While the home has tons of fun and functional bells and whistles, the most striking feature is the innovative way Cazayoux integrated the property's natural air flow and climate, as well as the nearby basins and bayous, into the design. It's built to a centered peak, not unlike a chimney, that holds eight mechanically powered windows facing every direction. Based on natural air flow and wind direction, Cazayoux can open the windows systematically to make the home more comfortable ' without the help of a bulky, polluting A/C unit in the summer.

These top windows work in concert with vents placed under the first floor windows and the crawl space (18 to 24 inches in certain spots) below Cazayoux's concrete floor, which essentially serves as a large slab for heating and cooling. In the heart of the home under the stairs, a geothermal heat pump and water heater runs quietly, helping to circulate air from and through all of these sources when needed. "To move air is simple; it's not high tech," he says. "It's basic physics."

There's a great deal more to the equation, architecturally speaking, but Cazayoux distills it succinctly: "The design of the house is like that of a sailboat. It has the flexibility of changes with the seasons and the winds. The house sails on the natural environment for as long as it can."

Cazayoux likewise shows that great design can be in the details. He has inserted small "night lights" into the scored and stained concrete flooring that runs his main hallway. He also has a larger dormer packed with shelves of books on everything from architecture to feng shui. Extending from that area, he constructed a cantilever balcony that ' when viewed from the ground in the backyard ' is clearly supported by the home itself and no other columns. When Cazayoux sits on the deck for light afternoon reading, he looks like a wise, floating Buddha.

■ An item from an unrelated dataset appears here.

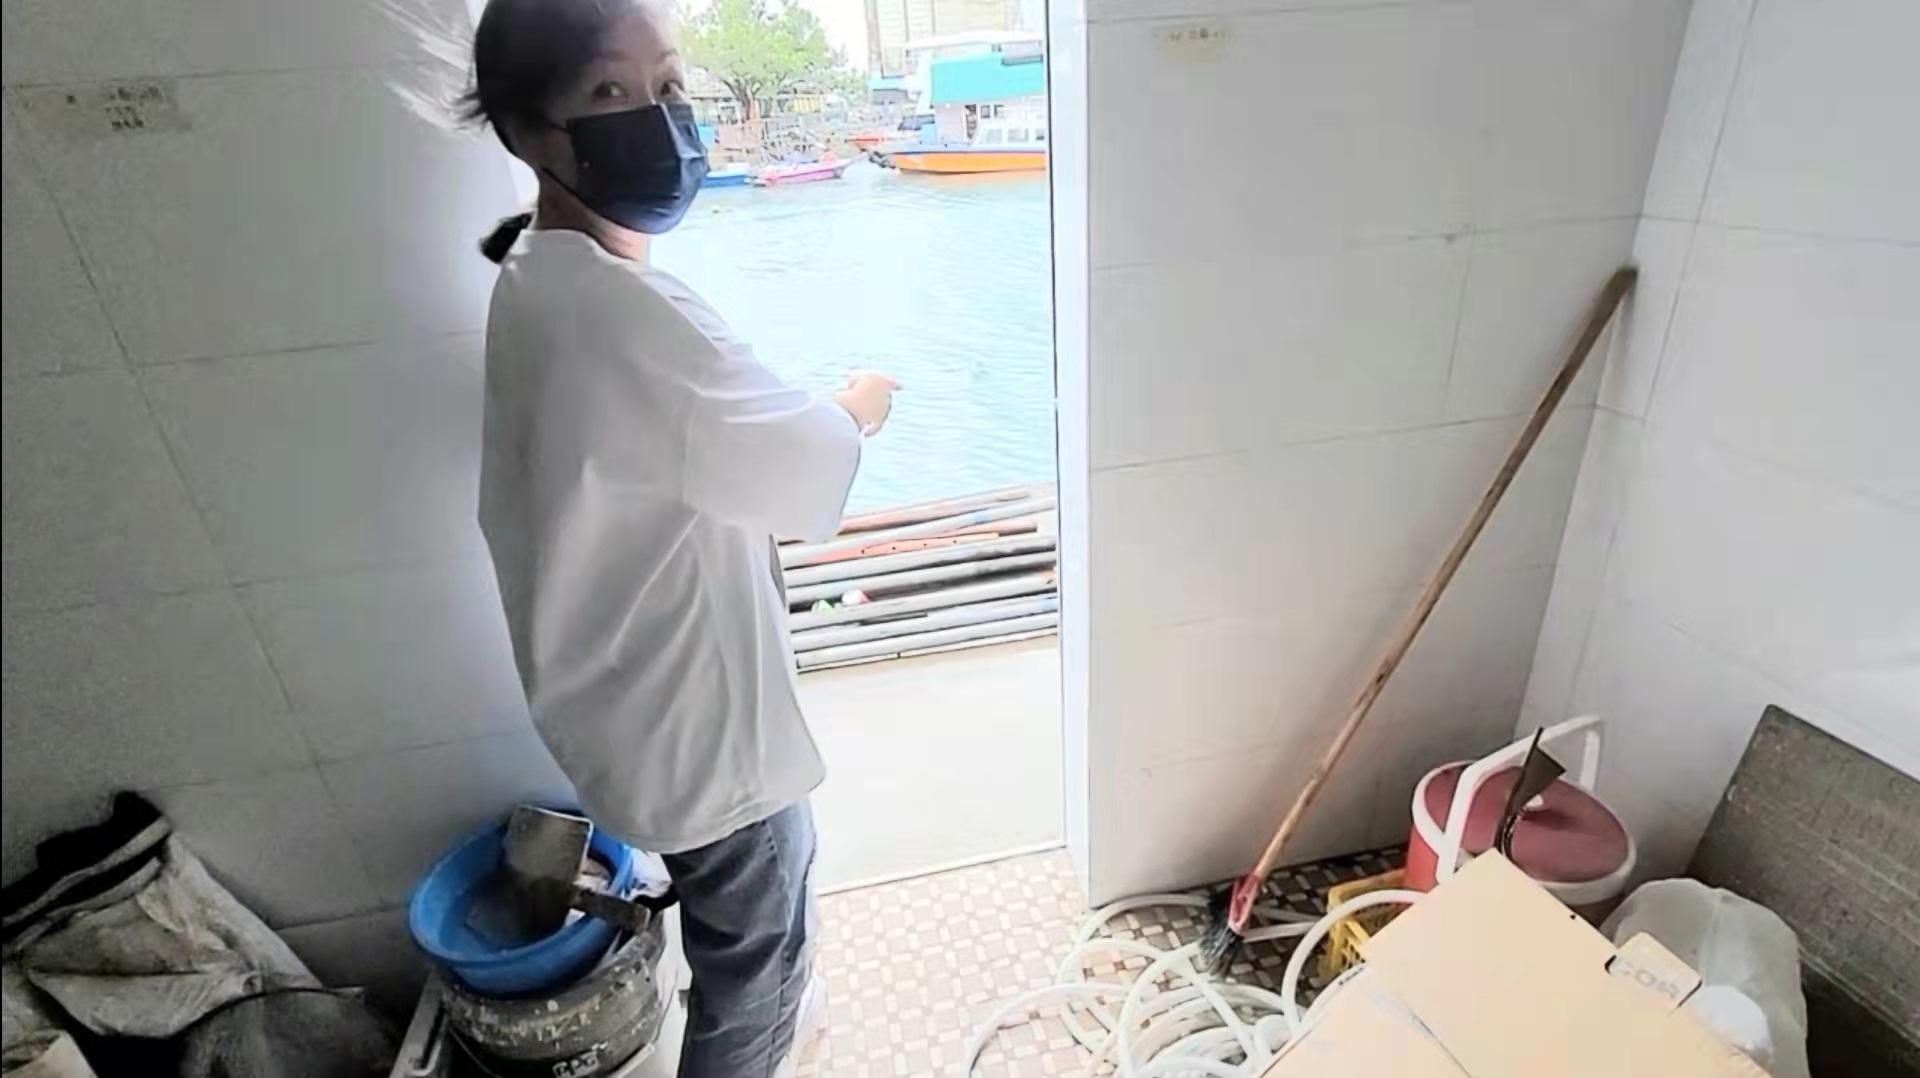 Kate姐憶述上星期的颱風「獅子山」襲港時正遇上天文大潮,海水從後門倒罐,淹浸了半個鋪面,海帶來的沙泥如今還可清楚看見。

Additionally, rather than having a traditional gutter lining the roof of his house, Cazayoux has developed a bricked gutter system that runs on the ground around his home to deal with excess water ' and it's easier to clean. On the front end of the property, past a full garden that supplies eggplant, basil, tomatoes, zucchini and other staples, Cazayoux brings the practice of recycling to a whole new level. In his workshop ' covered with a "Dragon Skin" he made using antiquated roofing tiles ' piles of used, donated and salvaged wood are everywhere. A resourceful architect, Cazayoux prefers to use second-hand wood rather than feeding the nation's endless need for more timber and clear-cutting.

After sneaking quietly into his workshop and exiting with a fly rod, Cazayoux smiles widely as he points to his manmade pond a few feet away. "It's stocked with bream and bass," he says, beginning to cast. "Pretty nice, eh?"

If all of this isn't enough to turn you green with envy, there's also a nearby greenhouse being constructed out of salvaged, cypress windows he bought from St. Joseph's Convent, near his old high school, for $1 apiece. "I've held on to those for 40 years now and I'm just now using them," Cazayoux says.

Walking back to his pickup truck down the driveway of Maison Madeleine, the professor says that it's sometimes a struggle to convince contractors to see things his way, or rather in the way of the early Cajuns and Creoles. "You really have to sell people," he says. "But once they come on board, everyone becomes really passionate about it. They're amazed by how much we can accomplish."

Cazayoux says the pioneers of Acadiana were green way before global warming entered the national conversation. "In reality, they didn't have a choice," Cazayoux says. "They had to live with what they were handed, which was the natural environment."

As he reaches his pickup truck in the driveway, Cazayoux argues that he personally has no particular style. "I don't have one," he says. "Never did."

Hat in hand, Cazayoux gets ready to leave. His work is his calling, and he's off to take care of various projects. Just as the French colonists continually adjusted their architecture to suit the climate, Cazayoux's following in their footsteps. "It's just the right thing to do," he says.